En doğruyu, gerçeği, hakkı, hakikati sadece Yüce Allah cc. Ve peygamberleri söyler. Bizler, âlemleri hiç yoktan yaratan, yaşatan, âlemlerin Rabbi Yüce Allah’ın sözlerine, ayetlerine çok önem verip; öğrenip, dinlemeliyiz ve yaşamalıyız. Allah’ın emirleri ile hareket edip, peygamberleri gibi yaşamalıyız. Allah’ın emirlerini tutup, yasakladıklarından sakınmalıyız. İyiliği yayıp, kötülükleri engellemeliyiz. Bütün bunları azim, gayret, kararlılıkla, tutarlılıkla, büyük mücadelelerle, birey ve ekip halinde; hakka, hukuka uygun yapmalıyız.

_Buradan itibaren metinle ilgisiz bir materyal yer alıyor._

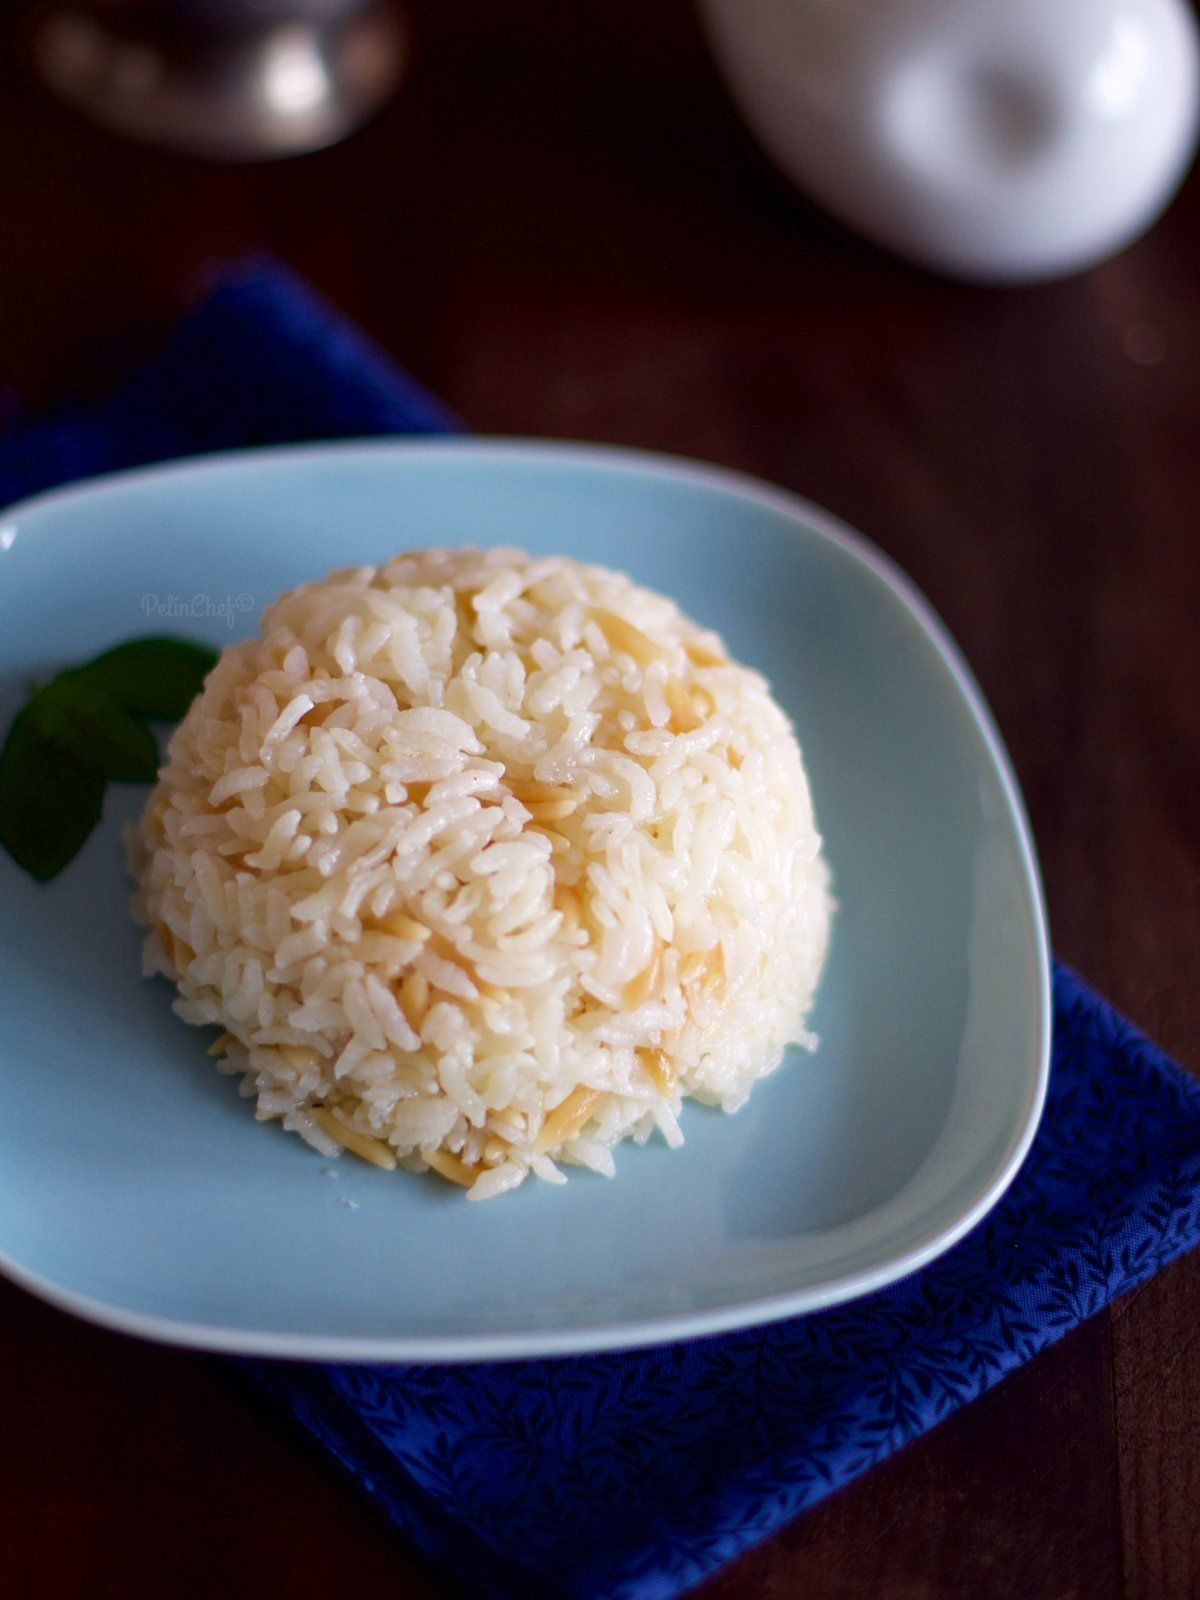 ehriyeli Pirinç Pilavı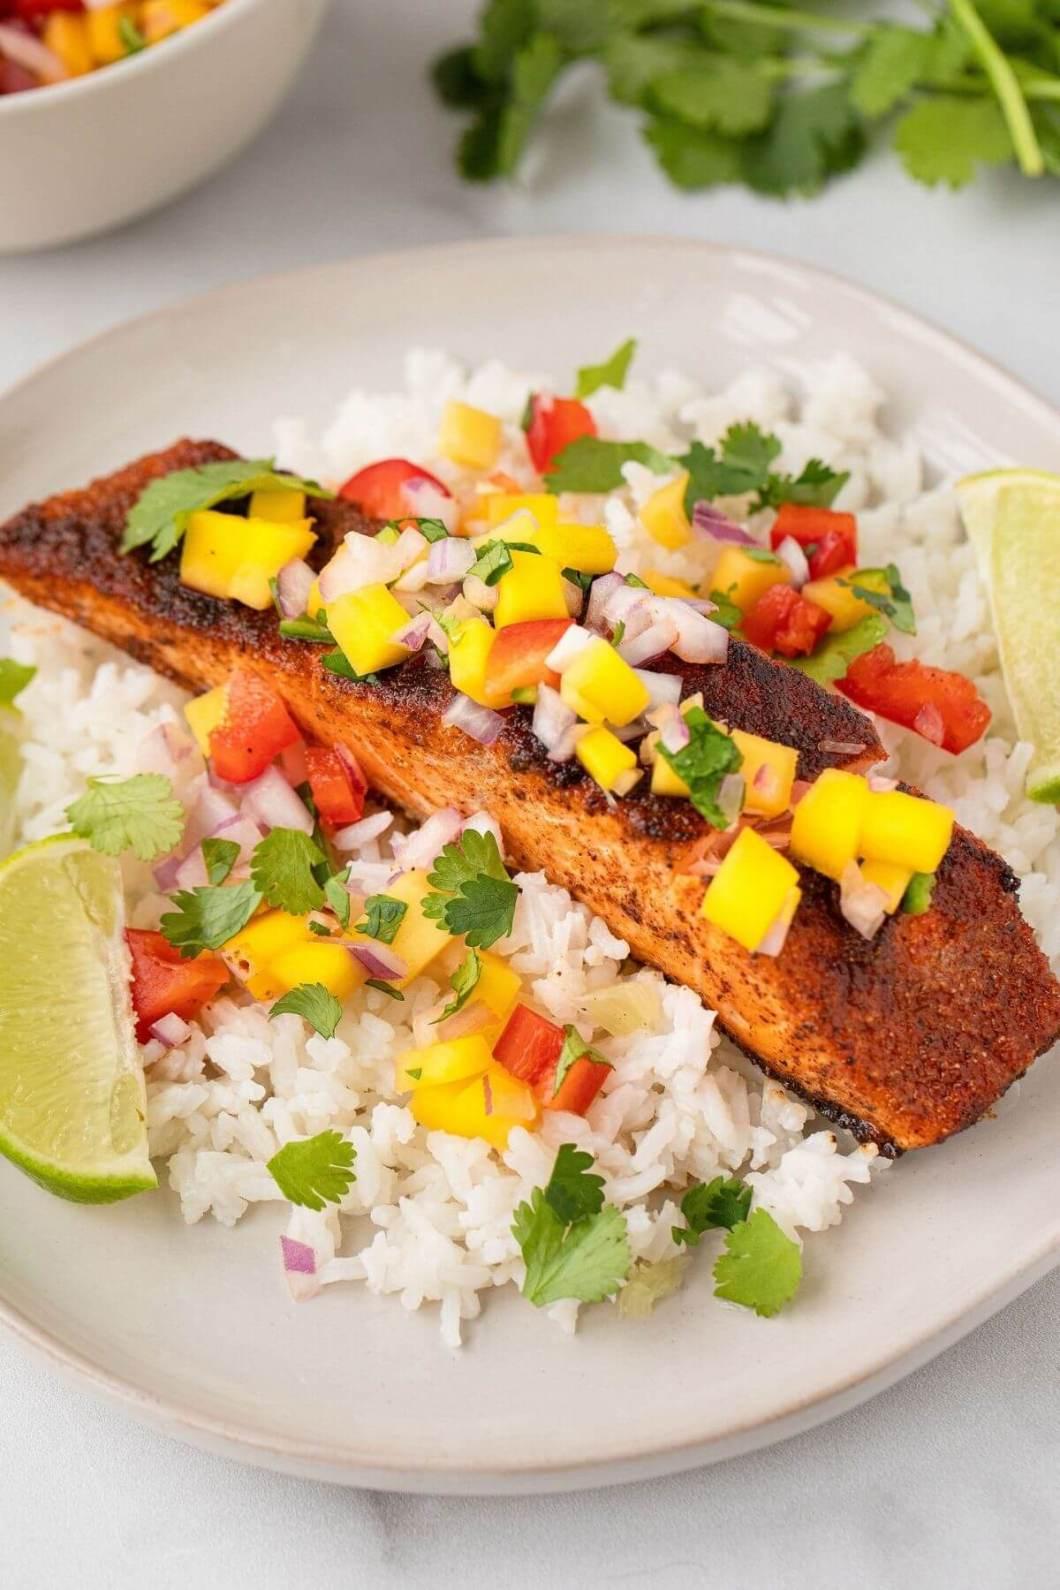 pan seared blackened salmon on rice with fresh mango salsa on top

Dini, insani görev, ödev, yükümlülük, sorumluluklarımızı bilip, yapmamız için örgün ve yaygın öğretim almış olmalıyız. Cahil cühela takımının hayır, iyilik, yarar adına; faydadan çok zararları olur.

Bunun içindir ki, Allah’ın, insana ilk emri; “Rabbinin adıyla oku!” olmuştur.

Yüce Rabbimiz buyuruyor: “ Ey örtüsüne bürünen! Kalk ve uyar! Sadece Rabbinin büyüklüğüne dile getir.”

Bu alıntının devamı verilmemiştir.